City pension funds in major financial hubs are also making decisive movements, with New York City targeting total divestment within five years and the London Pension Fund Authority looking to divest its remaining direct fossil fuel investments – currently less than 2% of its £5.5bn total.

Mayor of London Sadiq Khan and Mayor of New York City Bill de Blasio yesterday called on other city pension funds to follow their divestment lead, writing in The Guardian: “We believe that ending institutionalinvestment in companies that extract fossil fuels and contribute directly to climate change can help send a very powerful message that renewables and low-carbon options are the future.“

Khan and De Blasio are co-chairing the first ever Divest/Invest Cities Forum – a global network for sharing knowledge on and advocating divestment and green investment.

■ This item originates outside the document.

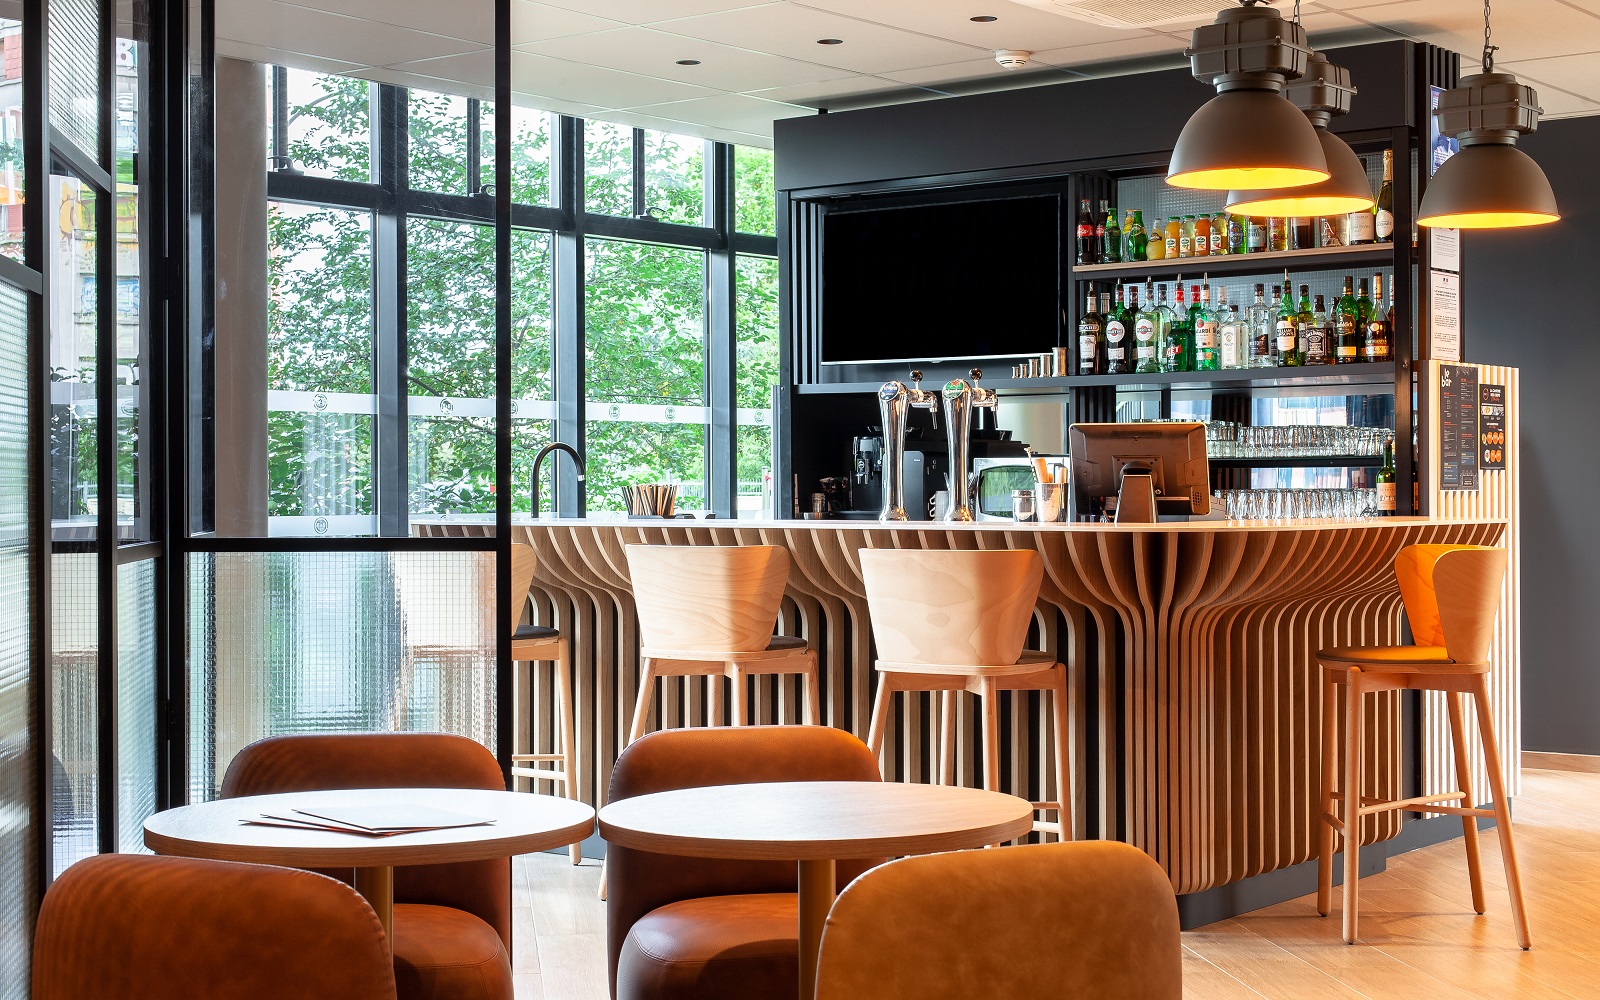 bar with wooden chairs and industrial style lighting in B&B HOTELS Paris

Last month, GMO co-founder and leading investor Jeremy Grantham set out a forceful argument for fossil fuel divestment in a white paper, challenging the “erroneous” idea that divestment entails loss of returns

He presented a GMO analysis testing the “long-held divestment hypothesis”, concluding that “it [doesn’t] make any difference”.

“When you divest from oil or chemicals, the starting assumption must be that it will cost you a few tiny basis points of deviation, and it’s just as likely to be positive deviation as negative,” he wrote. “If you’re messing around with oil stocks, you’re taking the serious risk of ending up with stranded assets.”

The report comes after oil giant Shell confirmed earlier this year that divestment had become a material risk to its business, and just days after a report by US body As You Sow claimed that engagement – the preferred approach for many mainstream investors – has yet to deliver any meaningful change to the transition to a low-carbon economy.

The As You Sow report found that the 160 climate change shareholder resolutions filed at 24 US oil and gas companies between 2012 and 2018 led to no progress in emissions reductions targets or plans – and the majority of the companies are maintaining or expanding production.